Apple Delays QuickTime 6 Over Proposed MPEG-4 Licenses
znu writes: "Apple announced at the QuickTime Live! conference today that there's a public preview of QuickTime 6 with full MPEG-4 support ready to ship, but the terms of the proposed MPEG-4 license are holding it back. For those who haven't been following this, MPEG wants $0.25 per encoder/decoder for MPEG-4, up to $2 million per company per year. Apple is fine with that. But MPEG also wants content distributers to pony up $0.02/hour for any content that's distributed for profit. Apple feels that determining just what is "for profit" will be problematic, and that this pricing will seriously inhibit MPEG-4 adoption.
You are encouraged to complain to MPEG LA about this situation."
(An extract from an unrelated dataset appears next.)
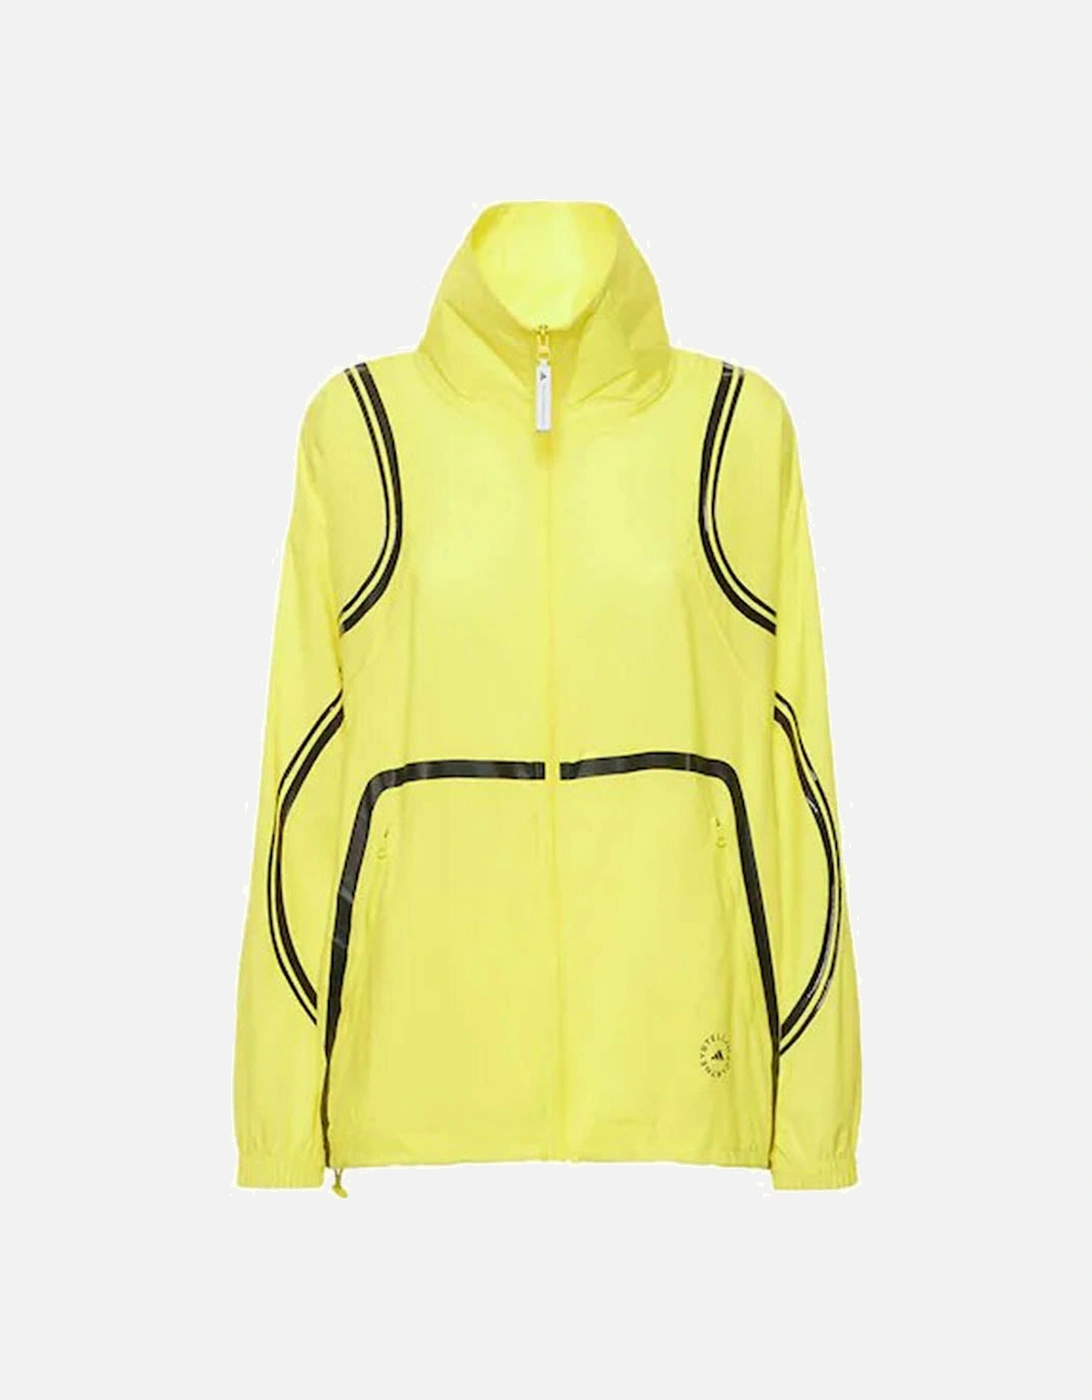 adidas by Stella McCartney Womens Truepace Jacket Yellow, 2 of 1

What we really need is a nice, free, high quality and open source standard. Then, anyone can use it without paying the license fees, and it will be able to run on any platform. Whereas music files have converged to mainly MP3 and OGG Vorbis files, videos are heavily divided between MPEG, QuickTime, DiVX & AVI, RM, and ASF. It is really annoying to use so many different players to play simple videos, I use at least four different ones regularly. Plus, I haven't found anything that can play RM except for RealPlayer, which is unfortunate since some of them have not been displaying correctly on my computer.
"I have not failed. I've simply found 10,000 ways that won't work." --Thomas Edison
Open standards have reigned supreme on the internet, and nearly everywhere else, but somehow these proprietary video compression algorithms live on.
Sadly, I can think of more contradictions to that statement than examples of it.
We are still using GIF, after all.
http://images.slashdot.org/title.gif {- See?
Oh, and there are a whole lot more more people using MP3 than Ogg.
Oh, and uh - Isn't Flash a pretty darn closed standard?
What about that Windows thing? I think it has a pretty wide installed user base. Doesn't it? Not to mention Internet Explorer.
Sorry, dude. I think your post was a bit off the mark. It's not that I don't agree that it would be nice if stuff was all free and opened and life was good and all, but uh -- well. It's not. Sucks plenty.
"Everything you know is wrong. (And stupid.)"
Moderation Totals: Wrong=2, Stupid=3, Total=5.
At the time at which GIF became standard, the licensing issues were not known, so it appeared to be an open standard.
MP3 might be a closed standard, but at least no license fees are to be paid for distributing players (as far as I know, they're only required for encoders) or content.
Also note that, similar to GIF, when MP3 took off, encoders were developed without paying license fees as well. The license fees were not requested before MP3 already was popular, and even then, there was a lot of discussion about whether this would stop MP3. But there was no free alternative ready at that time.
No, it's not. It's documented similar to PDF. Besides, I wouldn't exactly call Flash an internet standard, it's more a marketing and salespeople standard ;-)
The original poster didn't claim that all implementations of the standards were free, but that the standards themselves were. IP, HTTP, HTML etc. are all open standards. The fact that they're implemented by proprietary products like Windows or Internet Explorer doesn't make the standards less open.